The agile value stream mapping oxymoron
by Alan Cyment

So I decided to read about Lean and grabbed a copy of Lean Software
Development, by the Poppendiecks. I’d heard so many times about Value
Streaming Mapping that I reckoned it must be good stuff. And so I read
about it. There goes quite brief a summary:
- Analyze your current software development process
- Write it down in a linear/sequential way, considering the average duration of each step
- For each step, decide the ratio of wasteful to productive time
- Productive: adds value to the customer – Wasteful: it does not
I don’t like it. At all. It simply feels awkward, at least
for a Scrum team. Or simply unrealistic. How can a Scrum team write
down their current development process on a piece of paper? It just doesn’t make sense. Scrum is about empirically designing product and process.
Yes, process must be optimized. Yes, it’s fine to try and find waste,
so that you can eliminate it. Yes, you can write down what you did ,
especially if writing it down helps you find useless steps. But it is
simply nonsense to ask a Scrum team to describe the process they
follow every time they develop software. The whole point of this thing
game we play is that we will adapt our process on the go.
Value stream mapping sounds cool for factories, but not so cool for consulting. Perhaps it is useful for software factories. Or perhaps software factories is yet another oxymoron.
Comments
yep.
Nicely written … although, I would like to have seen a more robust argument than “awkward” and “unrealistic”.
I think you get to the heart of the problem in the last paragraph especially the last sentence: “Or perhaps software factories is yet another oxymoron.”
I couldn’t agree more! =)
How does the team decide what to adapt next?
I think this stuff appeals to methodology junkies a little too much to trust it. We’ve been down the methodology path before.
I saw the Toyota Production System in action and thought it was very cool. We can all learn something from the principles behind it. But co-opting specific TPS *practices* and overloading the language might be taking it too far.
–mj (who could be wrong)
Hi
What if you’re not doing Scrum?
And if you are doing Scrum,
* What happens before the Sprint? How is the backlog created?
* What happens after the Sprint? How does the product get released?
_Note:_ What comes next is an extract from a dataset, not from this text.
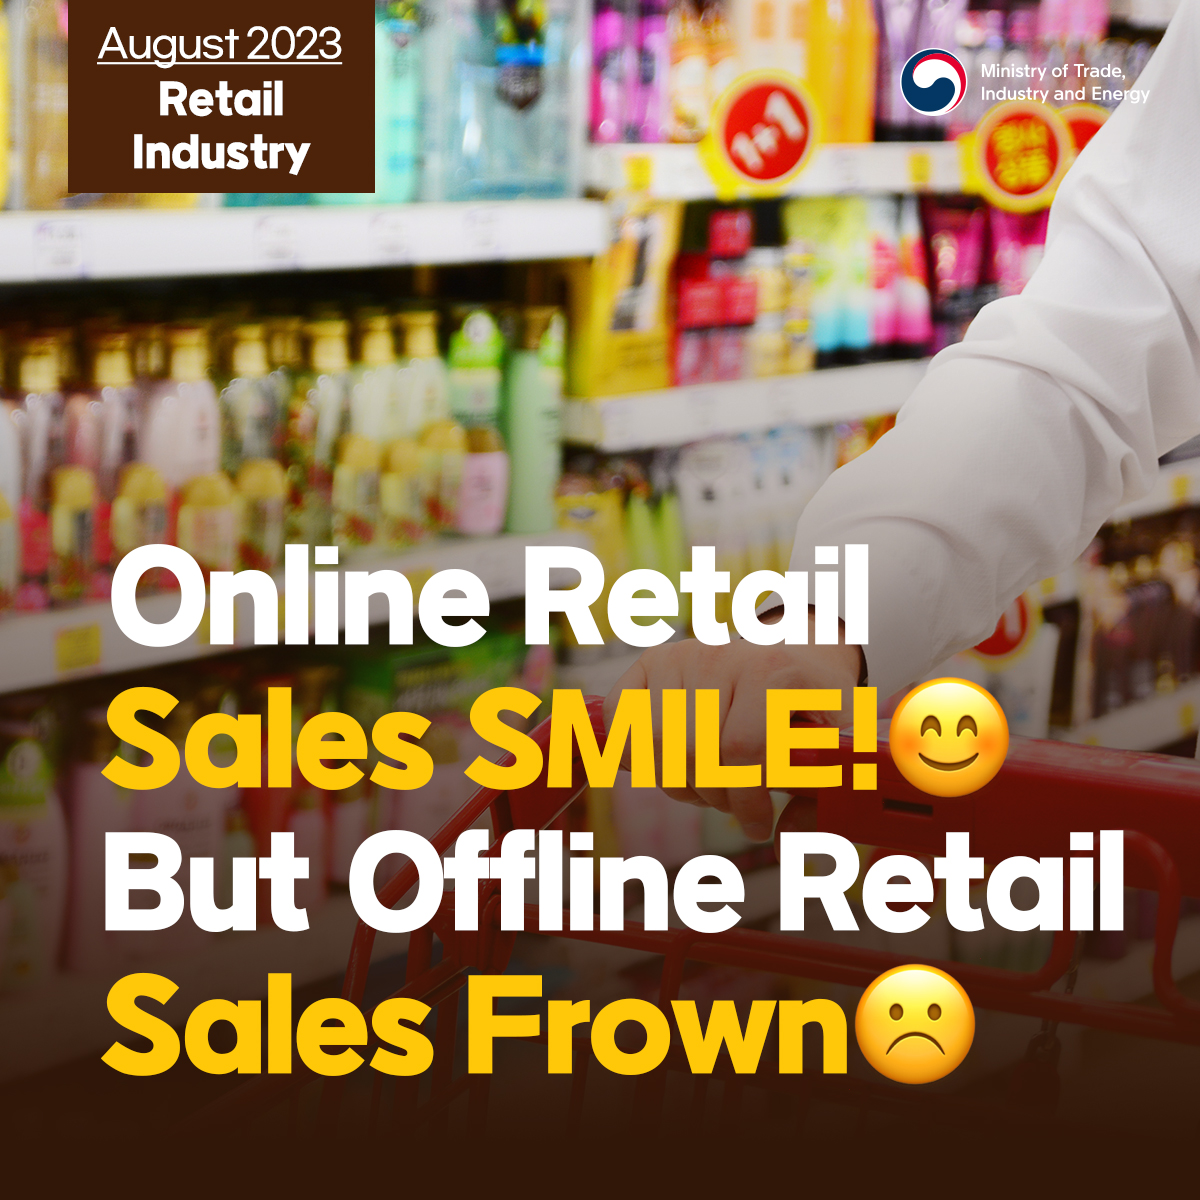 Online retail sales smile, offline sales frown
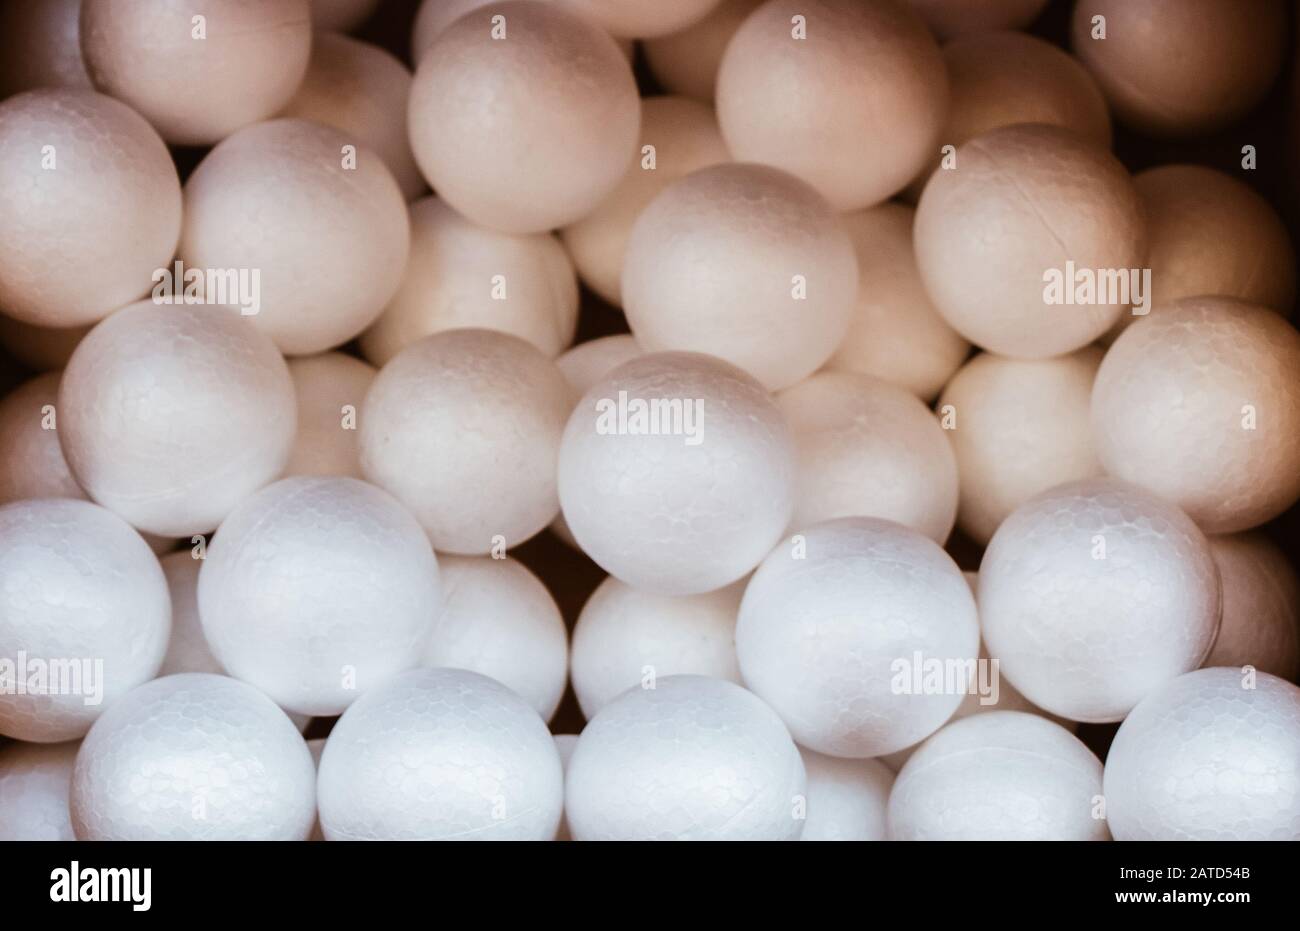 Dozens of styrofoam balls in the view Stock Photo

Value Stream Mapping may help answer these questions.
Karl
“But it is simply nonsense to ask a Scrum team to describe the process they
follow every time they develop software. The whole point of this thing
game we play is that we will adapt our process on the go.”
I think you’re trying to map the wrong things. You’re thinking about your development team as the factory, and that isn’t right.
When you’re writing code you are building a factory, and that is what you should be mapping.
When somebody uses your code, they use it for a reason. They are looking to obtain some value. That is the value stream you want to map.
What goal does the user want to achieve? What actions must they perform to achieve that goal? Of those actions, what adds value and what is waste.
UI people have been doing this for ages, with the Gulf of Execution and the Gulf of evalution. http://www.interaction-design.org/encyclopedia/gulf_of_evaluation_and_gulf_of_execution.html
@Karl I find you everywhere
> How is the backlog created?
a backlog isn’t ‘created’, that’s the point — it is creatING, it is an ongoing process also based on empirical feedback. A backlog is a living list and is never finished until we kill (or more kindly, retire) the product.
> How does the product get released?
Again, maybe this is just the wrong question. Theoretically, “done” software can be released at any time, so planning big-bang releases may not be necessary, and the release is simply part of the work we do to get to “done”.
By continuing to think in manufacturing metaphors we will continue to bind our thinking to manufacturing practices. Think differently.
@Tobias Because I’m following you
Re: Backlog. My understanding of Scrum is that the input to Sprint Planning is a set of well defined/understood Product Backlog Items. If so, how do those PBI get defined/understood. I agree its ongoing, but its still something that needs to happen and thus its useful for it to be transparent.
Re: Releasing. Who mentioned big bang releases? I prefer to release per feature. Not every Scrum team can, or has to, release as part of the Sprint. When they can’t, or don’t, then its useful to have that work transparent.
@Karl — but where does this idea come from that these things are not transparent? Transparency is a foundational value of Scrum, and the task board is one tool –a particularly good tool– for realizing that.